Although the semantic and storage models differ, these servers are
sufficiently similar to be considered together for the purposes of
describing interesting events originating from email message stores
and how to get access to such event streams. Typically, these
servers are capable of storing up to gigabytes of messages per user,
handling hundreds of incoming messages per user per day, and allow
clients to track which messages have been handled (typically 'seen'
or 'read') and which ones are new.
Work to describe a event model for mail stores has already progressed
in the LEMONADE Working Group [I-D.ietf-lemonade-msgevent]. The
Introduction of that draft also describes some of the demand for
interoperability for producing, consuming and interpreting these
events. Meanwhile, the SIEVE Working Group is working on an
extension to the SIEVE email filtering language RFC 3028 [RFC3028]
that allows a notification to be sent in the case of a SIEVE rule
match [I-D.ietf-sieve-notify]. One way to deliver events to existing
email clients is to use IMAP for in-band notifications; the Lemonade
WG is working on a NOTIFY capability to provide more such
functionality. This document instead focuses on out-of-band
notifications.
Outside of the email standards groups, two Internet event
notification delivery systems have been standardized and deployed.
These systems are based on SIP [RFC3261] and XMPP [RFC3920], and each
was initially designed and deployed primarily as a PRESENCE SERVICE
(section 2.1 of RFC 2778 [RFC2778]). Interoperability between these
two systems is defined and described by the Common Profile for
Presence (CPP) model RFC 3859 [RFC3859]. Both systems are
architected to scale efficiently and to handle cross-domain
authentication issues.
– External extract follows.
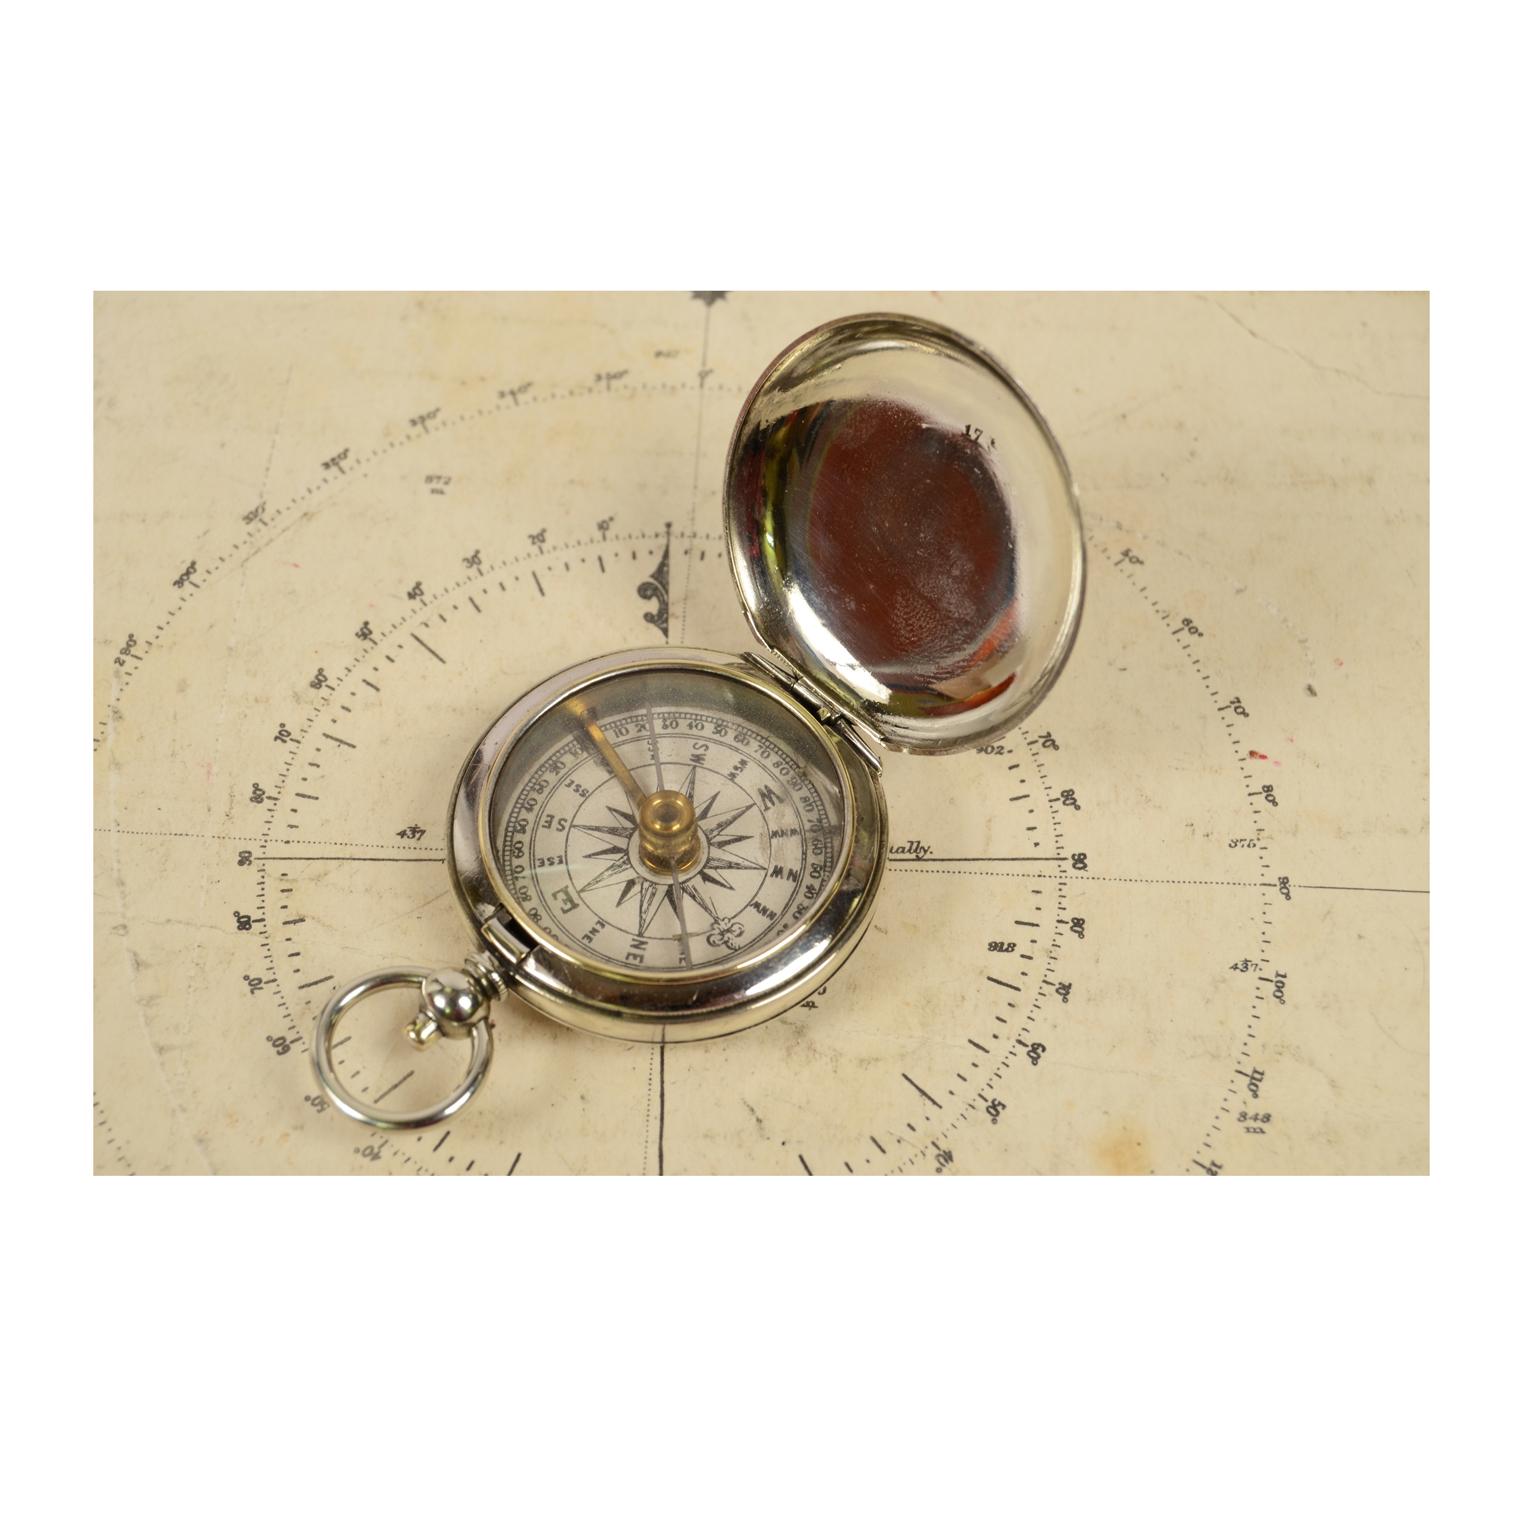 Officer pocket compass of chromed brass shaped like a pocket watch. Made in England in the early 1900s. The compass is equipped with a lid with snap closure with release button inside the ring. Compass card with sixteen winds complete with
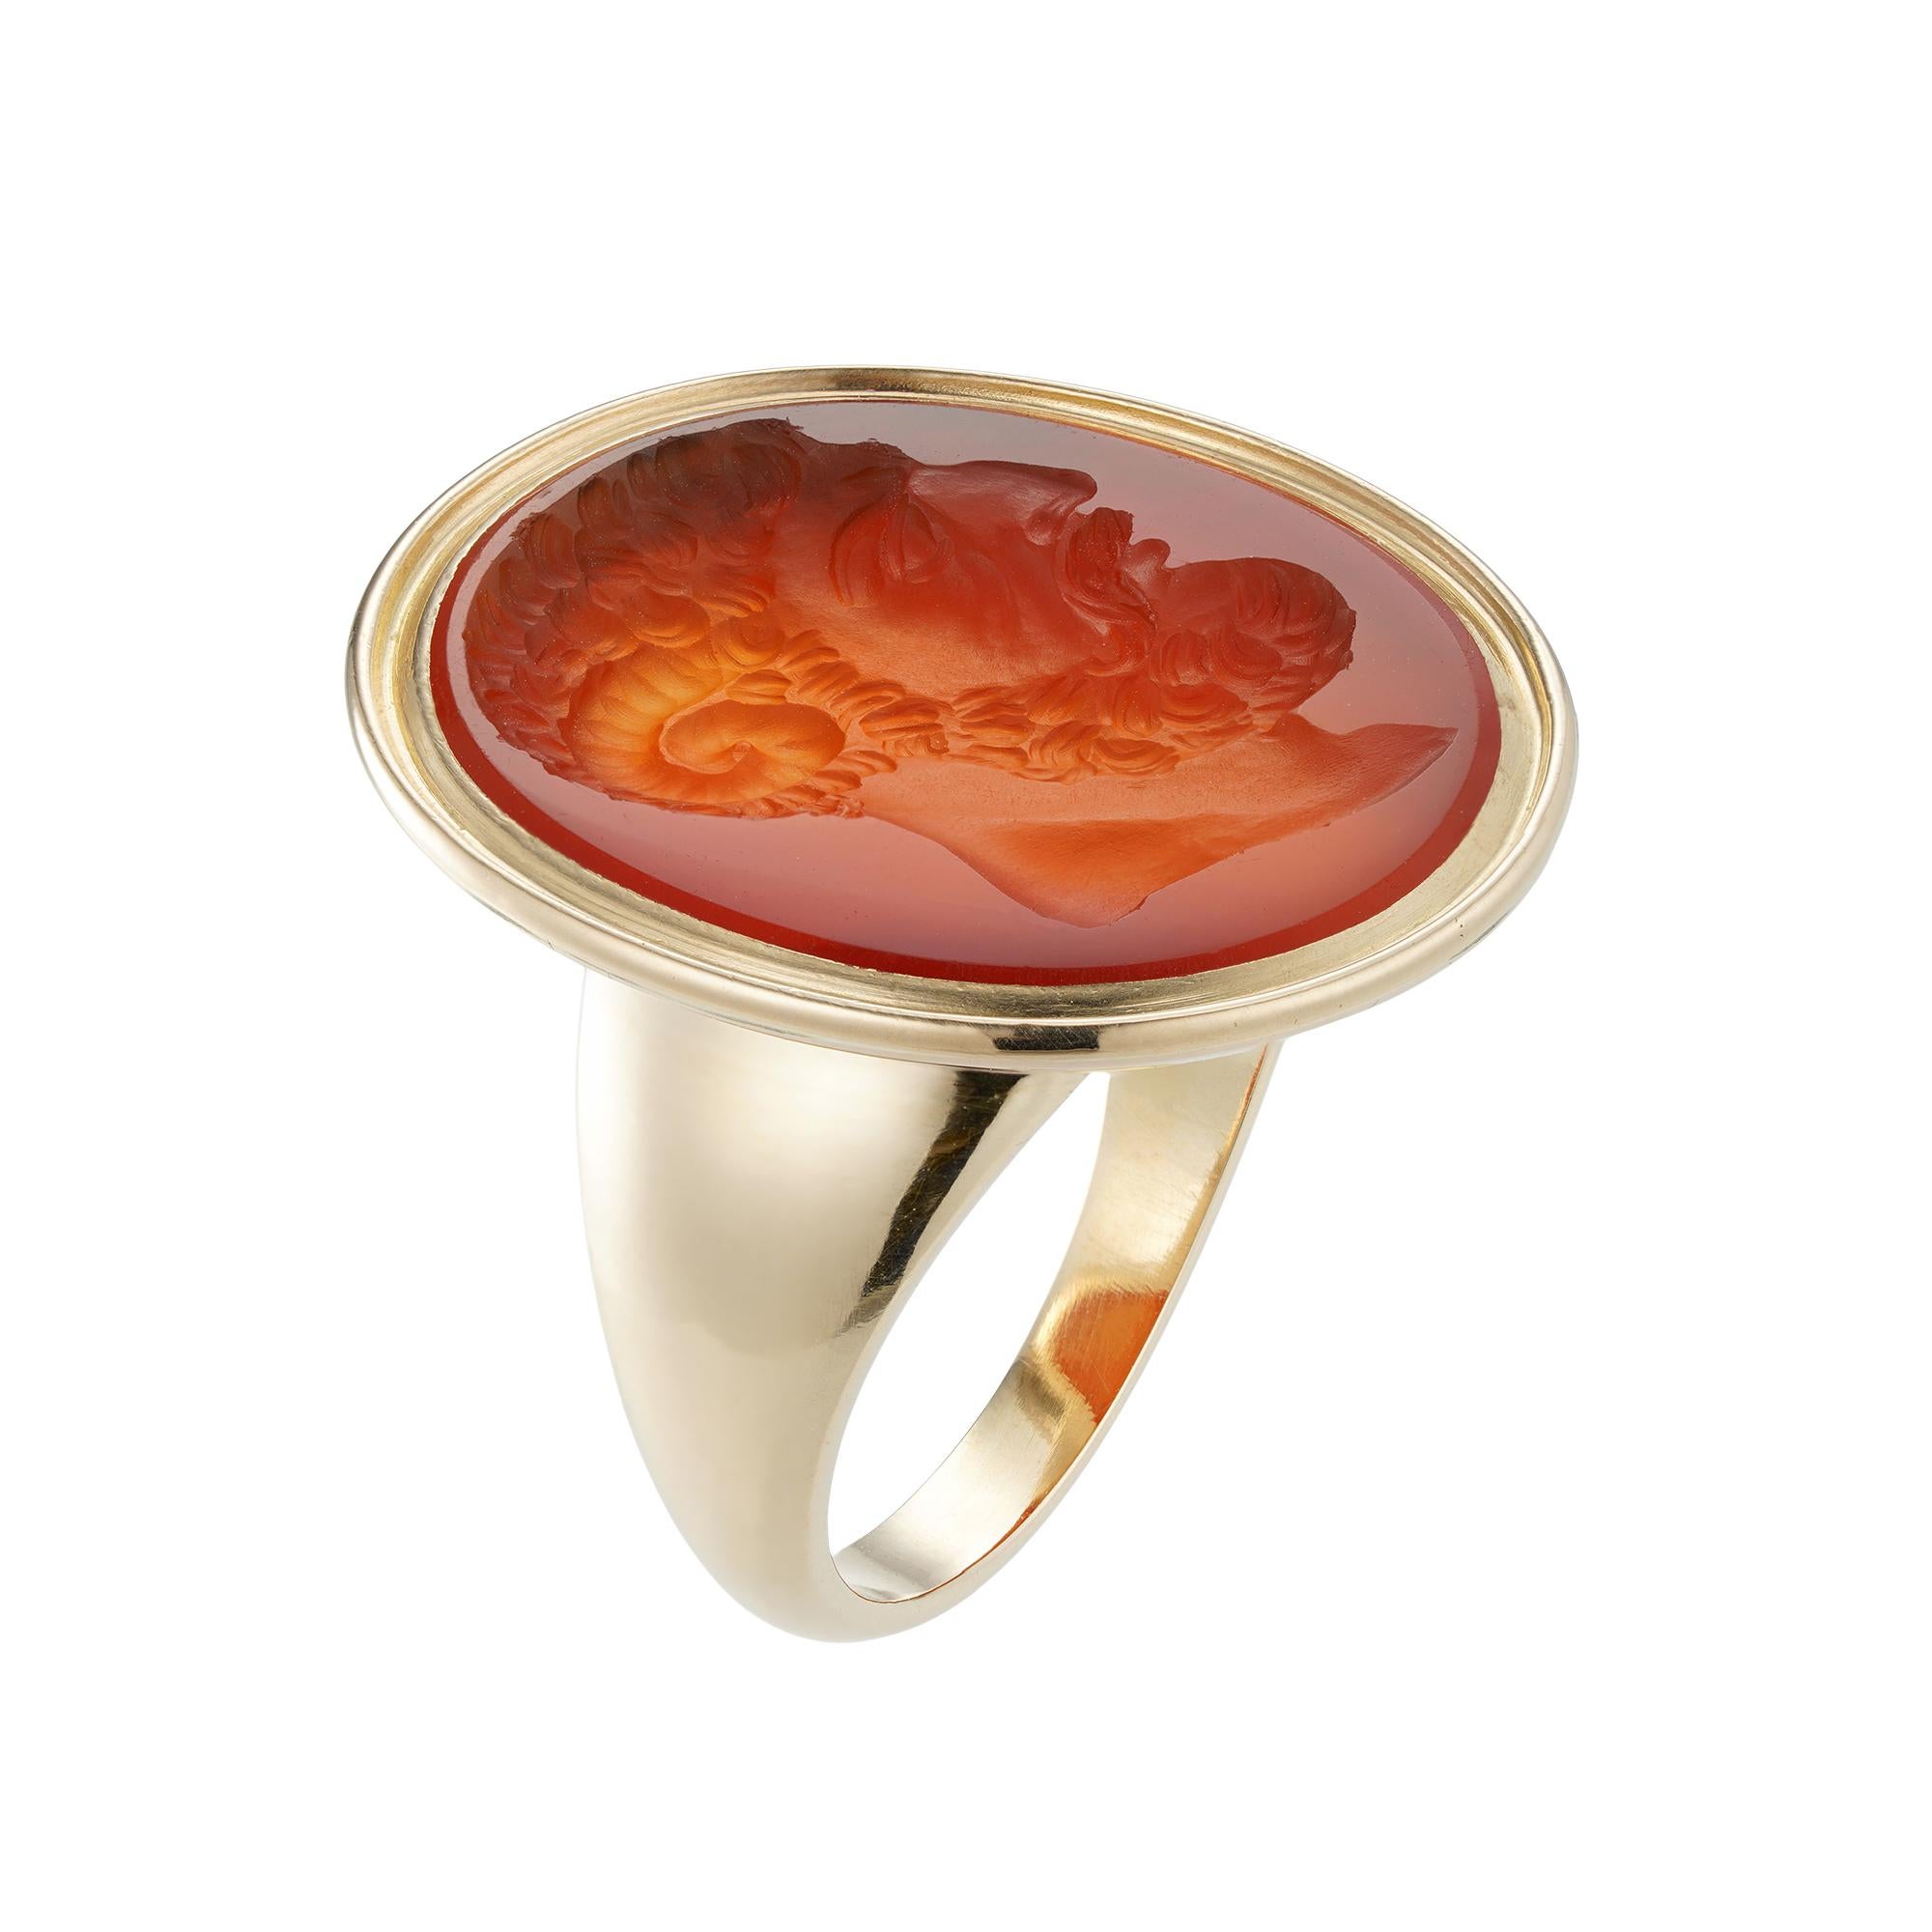 A Georgian carnelian intaglio ring, the oval carnelian measuring 20 x 17mm, seal engraved with the head of Zeus Ammon, depicted in profile with ram’s horn, set in yellow gold mount with an open back and tapering gold shoulders, unmarked, tested as

Salient differences between these two systems
will be described in sections [REF-TODO].
Only a few other pieces are required to encourage interoperability
between vendors' products:
o The abstract message event model (a chartered work item of the
LEMONADE Working Group -- [I-D.ietf-lemonade-msgevent]).
o A SIP Event Package mapping the event model for use in SIP Event
Notifications RFC 3265 [RFC3265].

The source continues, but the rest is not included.